I put this on the blog in December. I have now added the answers from the January edition of Benchmark:-

"In the current issue of Benchmark, a newsletter published for the judiciary, there is a Christmas quiz set by Jim Wood, Regional Chairman of the Social Security and Child Support Appeal Tribunal".

So who said this? :-
1. If it falls to me to start a fight to cut out the cancer of bent and twisted journalism in our country with the simple sword of truth and the trusty shield of British fair play, so be it.
Jonathan Aitken
2. A long time ago came a man on a track
Walking thirty miles with a pack on his back/And he put down his load where he thought it was the best/Made a home in the wilderness/He built a cabin and a winter store/And he ploughed up the ground by the cold lake shore/And the other travellers came riding down the track/And they never went further, no, they never went back/Then came the churches then came the schools/Then came the lawyers then came the rules
Dire Straits, Telegraph Road
3. To no one will we sell, to no one deny or delay right or justice.
Magna Carta, clause 40.
4. The law in its majestic equality forbids rich and poor alike from sleeping under bridges, from begging in the streets, and from stealing bread.
Anatole France, The Red Lily
5. We shouldn’t have all these campaigns to get the (Birmingham six) released if they’d been hanged. They’d have been forgotten and the whole community would be satisfied.
Lord Denning, writing in the Spectator, August 1990
6. In this country, it is thought well to shoot an admiral from time to time to encourage the others.
Voltaire, Candide
7. I never saw a man who looked
With such a wistful eye
Upon that little tent of blue,
That prisoners call the sky.
Oscar Wilde, Ballad of Reading Gaol
8. Who breaks a butterfly on a wheel?
W. Rees-Mogg, 1st June 1967, on the prosecution of Mick Jagger for the possession of cannabis.

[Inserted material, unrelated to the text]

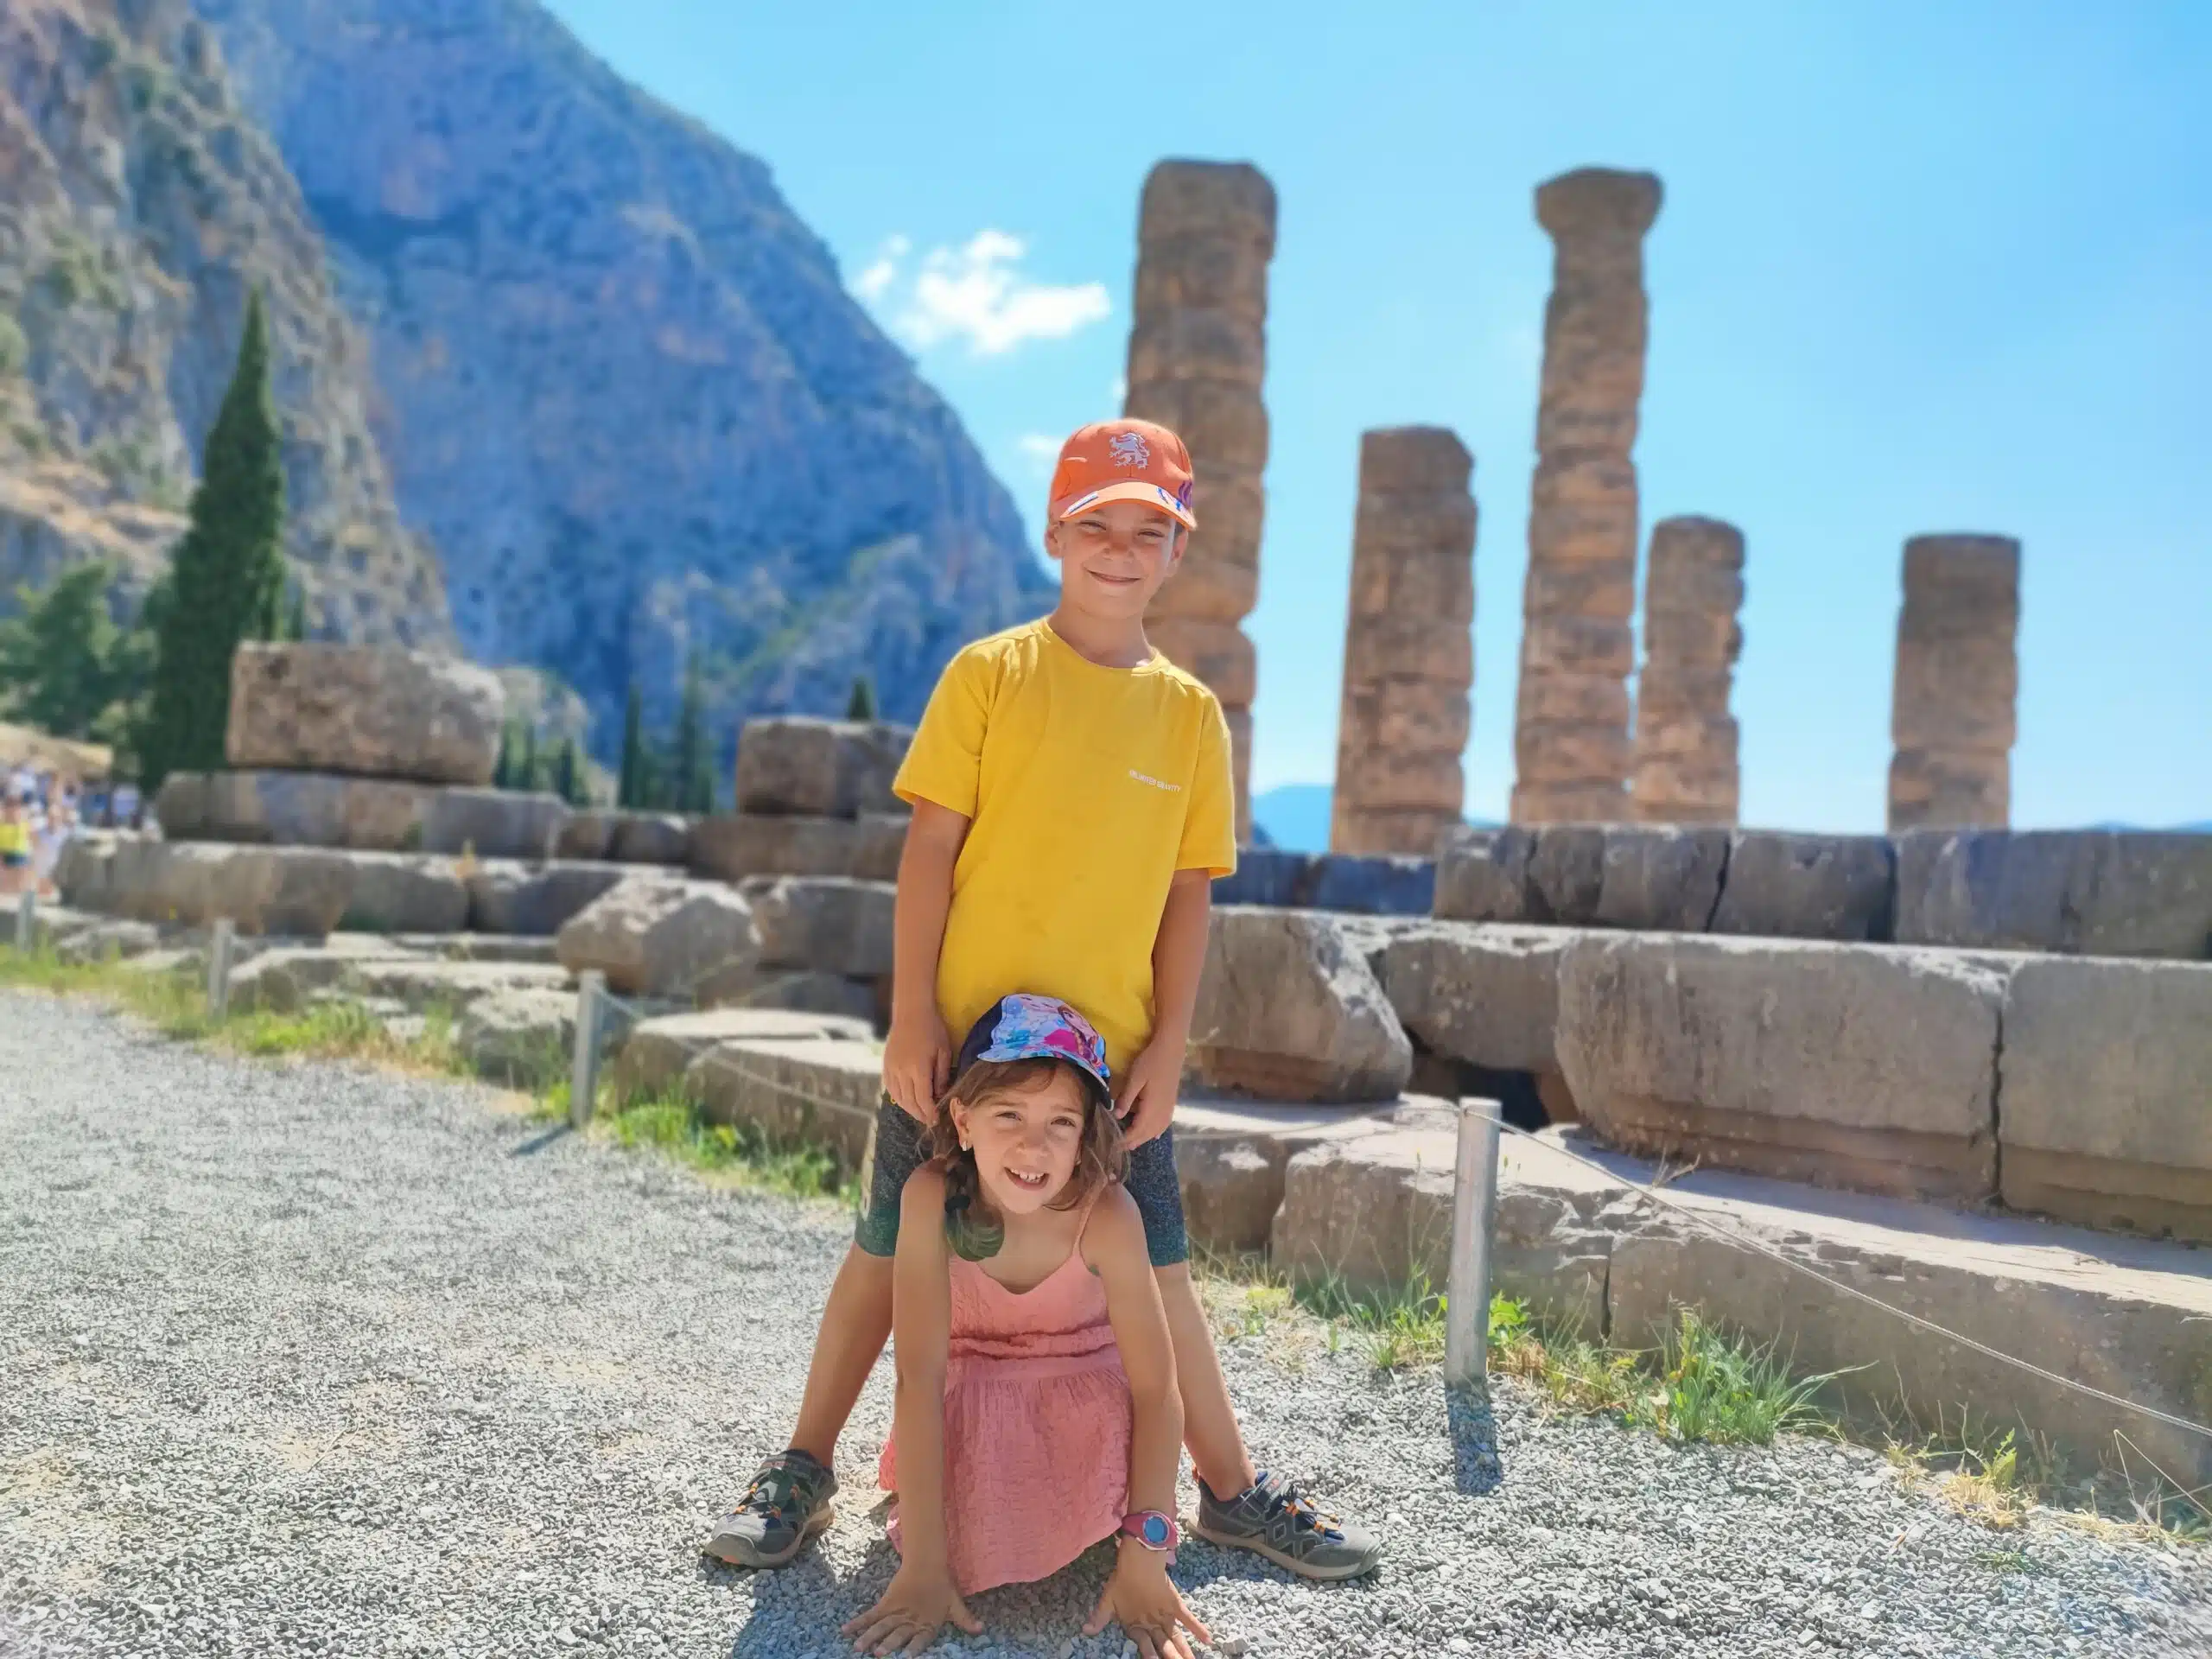 In questo momento stai vedendo Delfi in Grecia, una parte essenziale del tuo viaggio

9. If the sons of company directors, and judges’ fine and private daughters, had to go to school in a slum school, dumped by some joker in a damp back alley.../Buttons would be pressed, rules would be broken/ Strings would be pulled /and magic words spoken/Invisible fingers would mould palaces of gold.

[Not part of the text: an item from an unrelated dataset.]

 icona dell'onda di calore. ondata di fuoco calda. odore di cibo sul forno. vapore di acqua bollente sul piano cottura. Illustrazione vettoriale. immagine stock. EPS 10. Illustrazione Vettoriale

Leon Rossellson, Palaces of Gold
10. Put on your high-heel sneakers, child/Wear your wig-hat on your head now/Put on your high-heel sneakers, baby/Wear your wig-hat on your head/Ya know you’re looking mighty good, really/I’m pretty sure you’re gonna knock ‘em dead
Tommy Tucker, High-Heel Sneakers
11. Laws are like sausages, it is better not to see them being made.
Otto von Bismarck
12. If this is justice, I am a banana.
Ian Hislop, on an award of £600,000 libel damages to Sonia Sutcliffe, against Private Eye, May 1989.
13. ‘To my mind,’ observed the Chairman of the Bench of Magistrates cheerfully, ‘the only difficulty that presents itself in this otherwise very clear case is, how we can possibly make it sufficiently hot for the incorrigible rogue and hardened ruffian whom we see cowering in the dock before us. Let me see: he has been found guilty, on the clearest evidence, first, of stealing a valuable motor-car; secondly, of driving to the public danger; and, thirdly, of gross impertinence to the rural police. Mr. Clerk, will you tell us, please, what is the very stiffest penalty we can impose for each of these offences? Without, of course, giving the prisoner the benefit of any doubt, because there isn’t any.’
Kenneth Grahame, The Wind in the Willows
14. Judge every dispute fairly whether it concerns only your own people or involves foreigners who live among you. Show no partiality in your decisions, judge everyone on the same basis no matter who he is.
Deuteronomy Chapter 1, v.16
15. No, no! – sentence first, verdict afterwards.
Lewis Carroll, the Red Queen in Alice in Wonderland
16. “Ask yourselves the question: would you approve of your young sons, young daughters – because girls can read as well as boys – reading this book. Is it a book that you would have lying around the house? Is it a book you would wish your wife or servant to read?”
Mervyn Griffith-Jones, prosecuting counsel, R v. Penguin Books Ltd (the Lady Chatterley case).

No. 13 is my favourite. they don't make 'em like that any more!